While he was in power, Hitler was definitely less interested in the occult or the esoteric than other Nazi leaders. Unlike Heinrich Himmler and Rudolf Hess, for example, Hitler had no interest in astrology. Nevertheless, Hitler is the most important figure in the Modern Mythology of Nazi occultism. There are teledocumentaries about this topic, with the titles Hitler and the Occult and Hitler's Search for the Holy Grail.[75]
Comparing him to Erich von Ludendorff, Fest writes: "Hitler had detached himself from such affections, in which he encountered the obscurantism of his early years, Lanz v. Liebenfels and the Thule Society, again, long ago and had, in Mein Kampf, formulated his scathing contempt for that völkish romanticism, which however his own cosmos of imagination preserved rudimentarily."[76] Fest refers to the following passage from Mein Kampf:
The characteristic thing about these people [modern-day followers of the early Germanic religion] is that they rave about the old Germanic heroism, about dim prehistory, stone axes, spear and shield, but in reality are the greatest cowards that can be imagined. For the same people who brandish scholarly imitations of old German tin swords, and wear a dressed bearskin with bull's horns over their heads, preach for the present nothing but struggle with spiritual weapons, and run away as fast as they can from every Communist blackjack.[77]

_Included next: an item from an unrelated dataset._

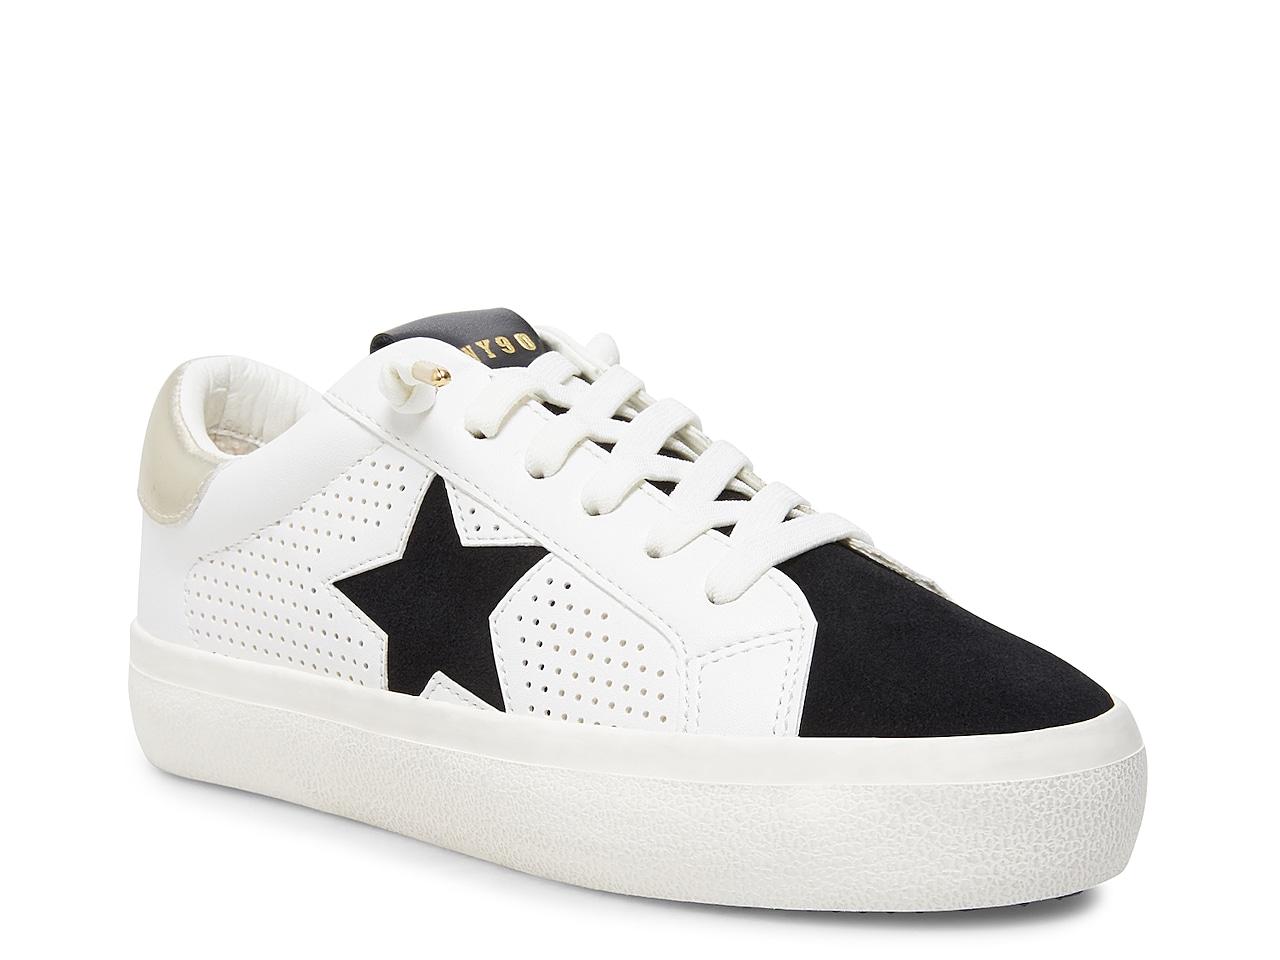 Starling Flatform Sneaker

It is not clear if this statement is an attack at anyone specific. It could have been aimed at Karl Harrer or at the Strasser group. According to Goodrick-Clarke, "In any case, the outburst clearly implies Hitler's contempt for conspiratorial circles and occult-racist studies and his preference for direct activism."[78] Hitler also said something similar in public speeches.[79]
Older literature states that Hitler had no intention of instituting worship of the ancient Germanic gods in contrast to the beliefs of some other Nazi officials.[80] In Hitler's Table Talk one can find this quote:
It seems to me that nothing would be more foolish than to re-establish the worship of Wotan. Our old mythology ceased to be viable when Christianity implanted itself. Nothing dies unless it is moribund.
According to an online article from the Simon Wiesenthal Center,[81] the influence of the anti-Judaic, Gnostic and root race teachings of H.P. Blavatsky, the founder of Theosophy, and the adaptations of her ideas by her followers, constituted a popularly unacknowledged but decisive influence over the developing mind of Hitler.